Turbine stator vane and gas turbine
Abstract
A turbine stator vane includes: a vane body which includes: an airfoil portion which has a serpentine flow passage inside thereof, the serpentine flow passage including a plurality of cooling flow passages and a plurality of turn-back flow passages; a shroud disposed on at least one of a tip end side or a root end side, in the vane height direction, of the airfoil portion; and a lid portion fixed to the airfoil portion. The lid portion forming the turn-back flow passage and being provided as a separate member from the airfoil portion. The lid portion has an inner wall surface width formed to be greater than the flow-passage width of the cooling passage formed in the airfoil portion, and a minimum value of a thickness of the lid portion is smaller than a thickness of a part of the shroud to which the lid portion is mounted.
Claims
exact text as granted — not AI-modifiedThe invention claimed is:
1. A turbine stator vane, comprising:
a vane body which includes:
an airfoil portion which has a serpentine flow passage inside thereof, the serpentine flow passage including a plurality of cooling flow passages and a plurality of turn-back flow passages, at least one of the turn-back flow passages being disposed at an outer side or an inner side, in a vane height direction, of a gas path surface which defines a combustion gas flow passage; and
a shroud disposed on at least one of a tip end side or a root end side, in the vane height direction, of the airfoil portion; and
a lid portion fixed to an end portion at the tip end side or the root end side, in the vane height direction, of the airfoil portion, the lid portion forming the at least one turn-back flow passage and being provided as a separate member from the airfoil portion,
wherein the shroud includes:
a bottom portion forming, in the vane height direction, an inner surface opposite to the gas path surface in the vane height direction;
an outer wall portion formed on opposite ends, in an axial direction and the circumferential direction, of the bottom portion, the outer wall portion extending in the vane height direction; and
an impingement plate disposed in an internal space surrounded by the outer wall portion and the bottom portion, the impingement plate having a plurality of through holes,
wherein the impingement plate includes:
a second impingement plate close to the inner surface in the vane height direction; and
a first impingement plate positioned in a direction separating from the inner surface, in the vane height direction, with respect to the second impingement plate,
wherein at least one step portion extending in the axial direction or the circumferential direction is disposed between the outer wall portion and the lid portion, the step portion connecting the first impingement plate and the second impingement plate and being bent in the vane height direction,
wherein a hole diameter of first through holes being the through holes formed on the first impingement plate is greater than a hole diameter of second through holes being the through holes formed on the second impingement plate,
wherein an arrangement pitch of the first through holes formed on the first impingement plate is greater than the arrangement pitch of the second through holes formed on the second impingement plate, and
wherein the second impingement plate comprises two second impingement plates fixed to an inner surface of the outer wall portion of the shroud and to an outer wall surface of the lid portion respectively, and the first impingement plate is positioned between the two second impingement plates via the step portion.
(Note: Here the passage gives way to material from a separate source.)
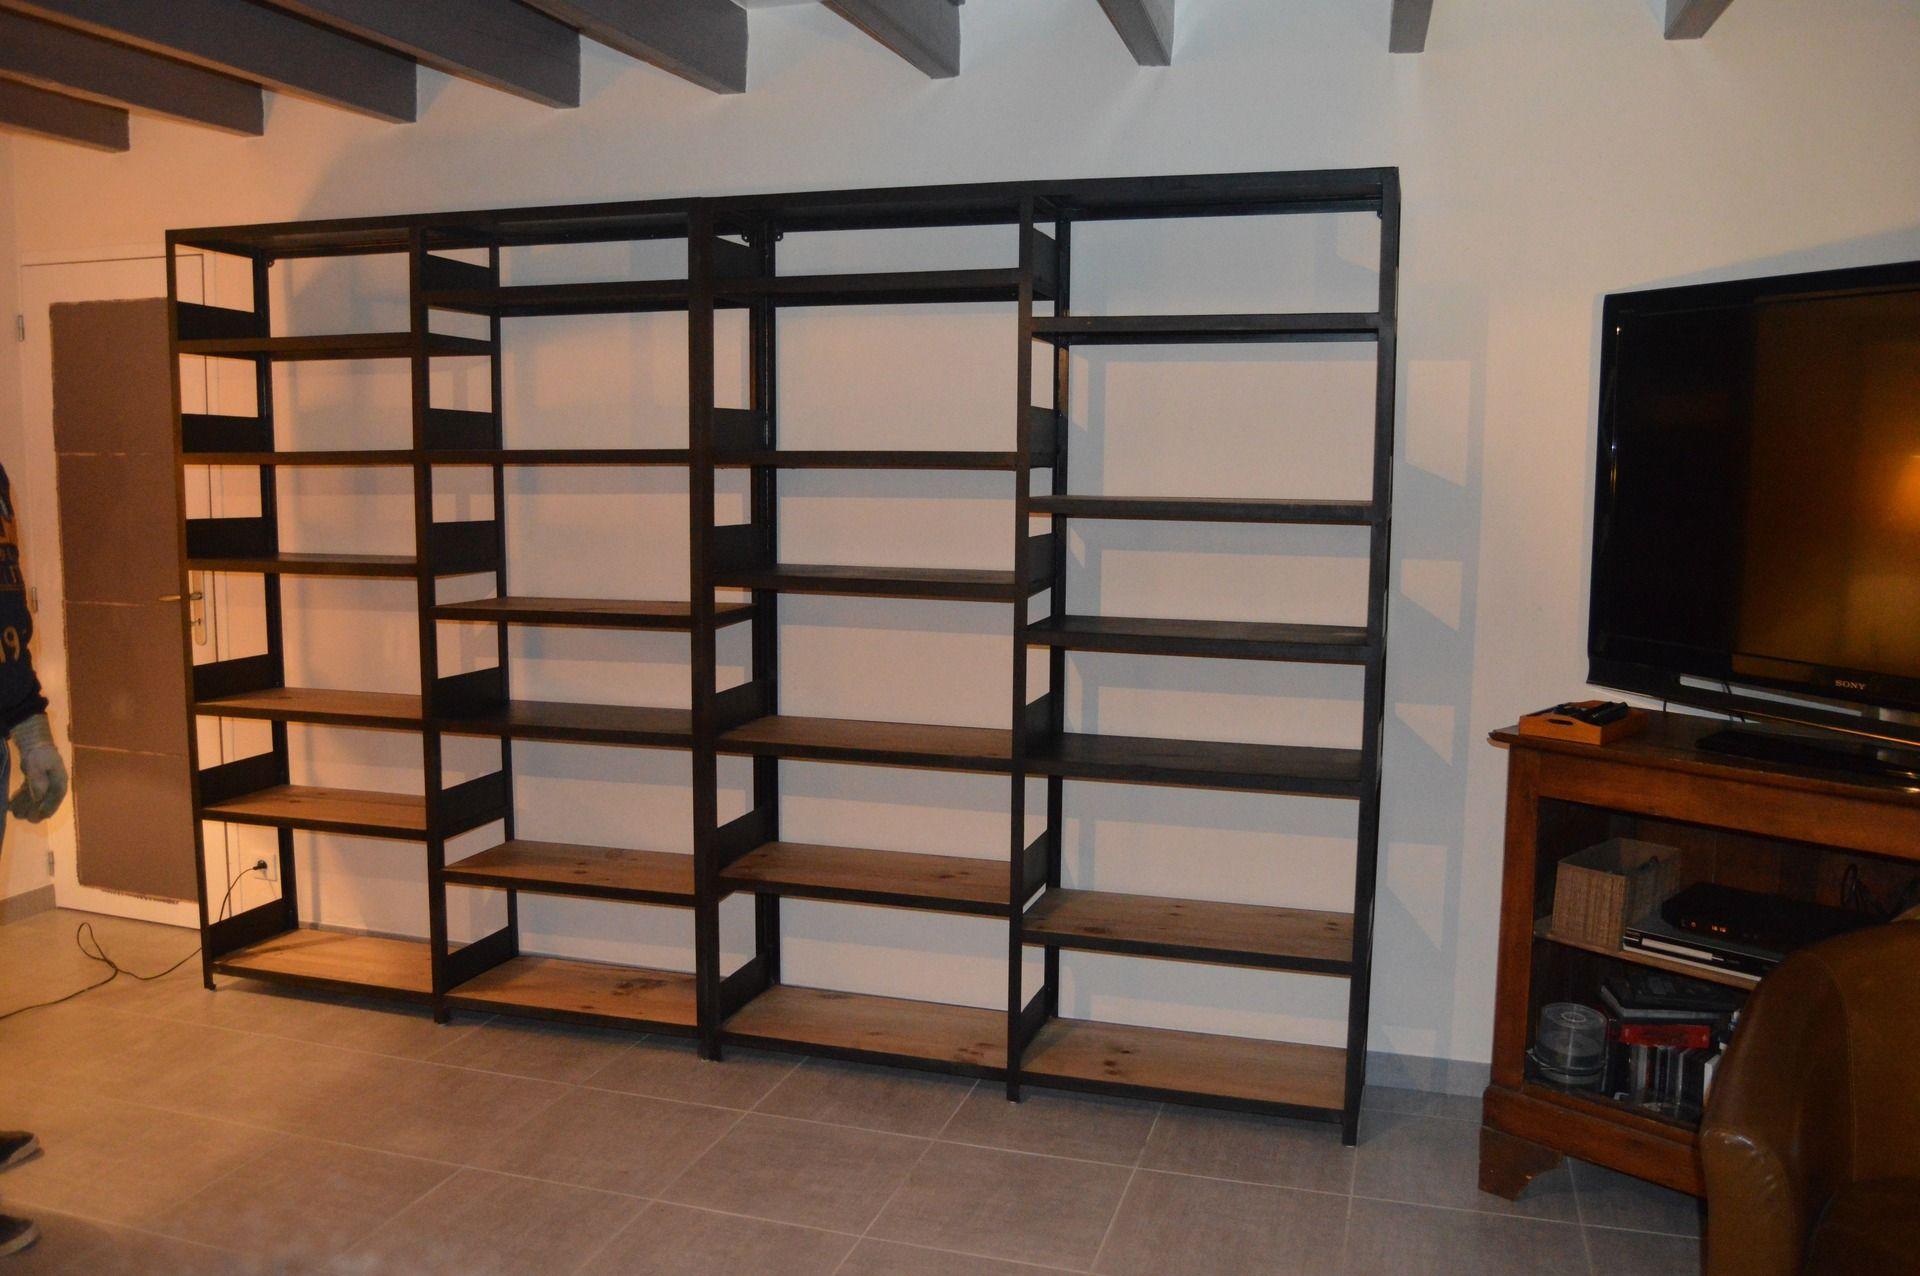 Meuble Industriel Biblioth Que Acier Et Bois Bibliotheque  # Bibliotheque Meuble

2. The turbine stator vane according to claim 1 ,
wherein the airfoil portion includes a pressure-side vane surface recessed to have a concave shape in a circumferential direction, and a suction-side vane surface protruding to have a convex shape in the circumferential direction and connecting to the pressure-side vane surface via a leading edge and a trailing edge, and
a vane-surface protruding portion formed on the gas path surface, extending from a leading edge portion of the pressure-side vane surface toward the suction-side vane surface of the airfoil portion of the turbine stator vane which is positioned adjacent in the circumferential direction, to an intermediate position of a flow passage width of the combustion gas flow passage between the airfoil portion and the adjacent airfoil portion, the vane-surface protruding portion being surrounded by an outer edge portion formed at a position connecting to the gas path surface and protruding from the gas path surface toward the side of the combustion gas flow passage in the vane height direction.
3. The turbine stator vane according to claim 2 ,
wherein the first and second impingement plates both include:
a general region positioned so as to face the inner surface of the shroud being a region where the vane-surface protruding portion is not formed, the general region having the plurality of through holes configured to perform impingement cooling on the inner surface; and
a high-density region including a range in which the vane-surface protruding portion is formed and which is surrounded by the outer edge portion, the high-density region having a higher opening density of the through holes than that in the general region.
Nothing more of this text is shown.